As for economic data, I am not sure if the market even pays attention anymore. We are going to see 500K+ type of job growth these next 2 months as the flood of census workers move in and everyone can pop champagne, since apparently we'll be the only ones not surprised. As for any other bad data it has been explained away by Easter the past 2 weeks. The excuse the next few weeks? European volcanic ash. i.e. Weekly jobless claims were higher than expected because US businesses decided not to hire due to European volcanic ash. Count on some excuse of similar ilk.
It's actually a very quiet week on the economic front, until Thursday - which as stated above we already have the excuse for any worse than expected weekly jobless claims. Producer Price Index hits Thursday which is going to be a report I begin to watch closely as steel and oil prices have to begin to hurt profit margins - I don't know if it will show up in official government reporting but I am sure if you ask those who actually need raw materials in their business if there is inflation they will give a different story than Ben will. Thankfully labor cost increases are negligible since Americans are desperate to hold onto any steady work (private sector only - public sector is recession proof). Existing Home Sales are also released on Thursday and we are going to be surprised that sales are improving during spring.... as they do every year. Friday is the volatile durable goods report, and the less important new home sales. (existing homes makes up 90% of transactions) As long as the government keeps extending unemployment benefits, Americans keep strategically defaulting, and the government hires census workers - there appears to be no cares in the world.

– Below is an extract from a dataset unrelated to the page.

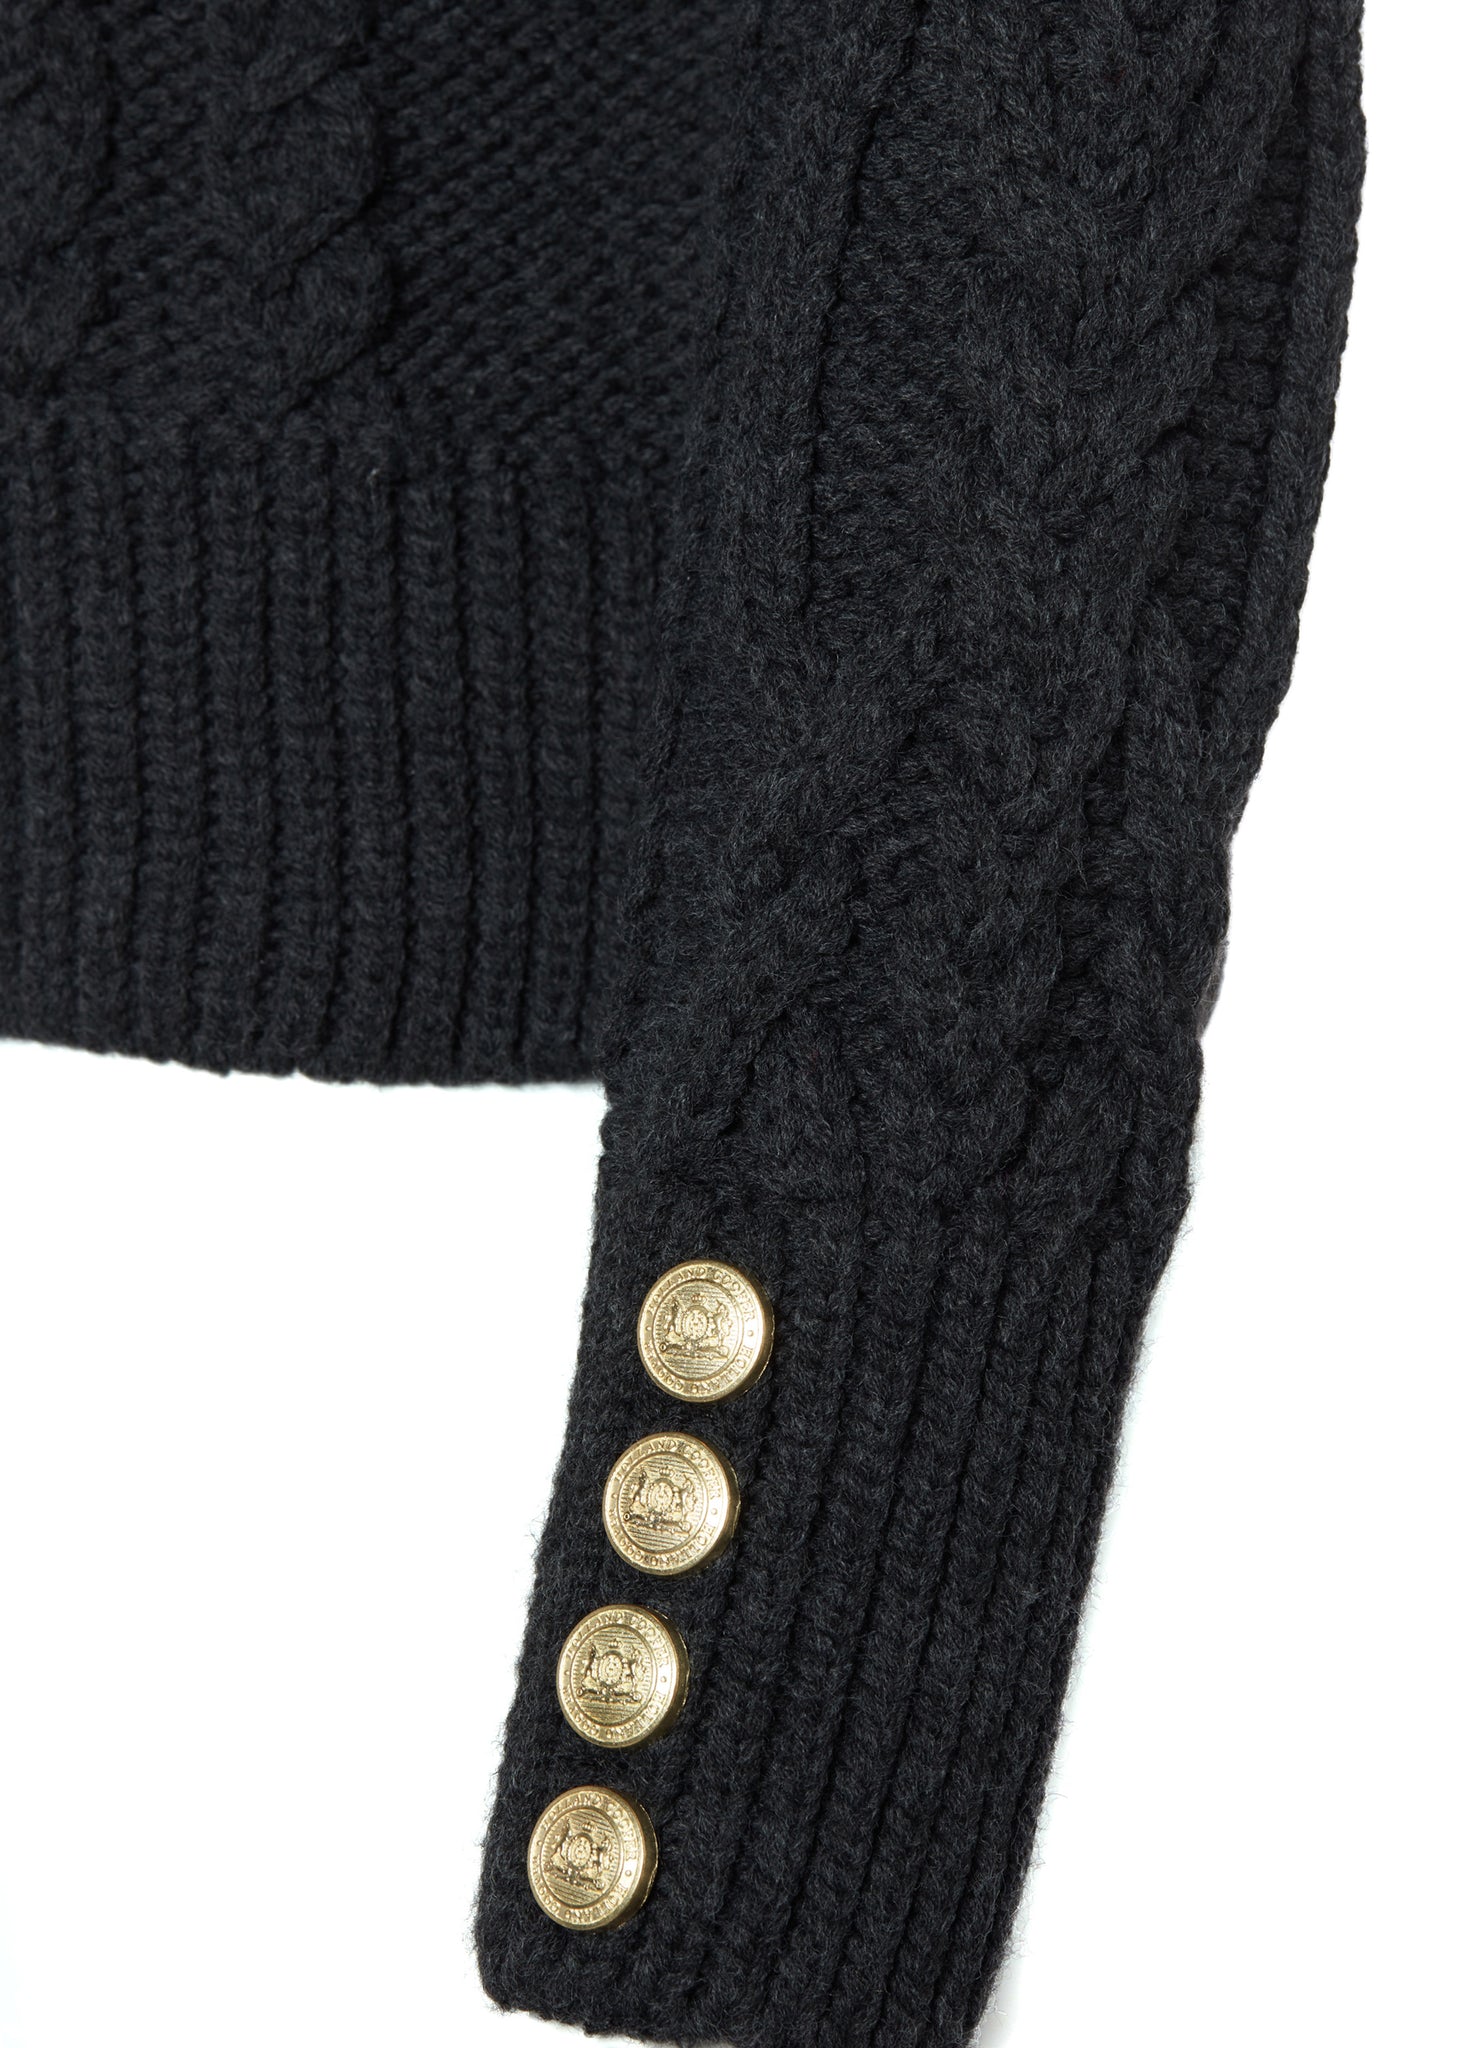 gold button detail on cuffs of a chunky cable knit roll neck jumper in dark grey with dropped shoulders and thick ribbed cable trims and gold buttons on cuffs and collar

For the portfolio - it is difficult to really play at this point since the market is straight up, without pause and buying almost anything is chasing. I did attempt a few stocks that were laggards the past few weeks but with mixed success. It is a market where it is better to chase a retail stock that is at PE ratio 48 and up 60% in 60 days than chasing a laggard. On the long side, I sold almost all of our hotel chain Wyndham Worldwide (WYN) - one of our few consumer discretionary stocks - simply to lock in profits after a very nice run. I closed a position (sold the the 2nd half) in Massey Energy (MEE), as the stock looked to be pressured by government scrutiny - instead I rolled that money into a more speculative Chinese equivalent L&L Energy (LLEN). Took partial profits (25 to 33% of the positions) in 3 names - Quality Systems (QSII), Triquint Semiconductor (TQNT) and NetLogic MicroSystems (NETL), simply to have some discipline. I restarted Discover Financial (DFS) on the idea that many more Americans can now pay their credit card bills since they no longer have to borrow with a house payment. Restarted Rackspace Hosting (RAX) on what appeared to be a breakout - a big move out of a base, on huge volume. I closed Diamond Offshore Drilling (DO) as it has been a major laggard and did not breakout as we had hoped.
On the short side, after being slapped by the market week after week for attempting any shorts, all I did was put on some SPY puts Friday in reaction to Goldman Sachs news... just for some hedging purposes... not a big position.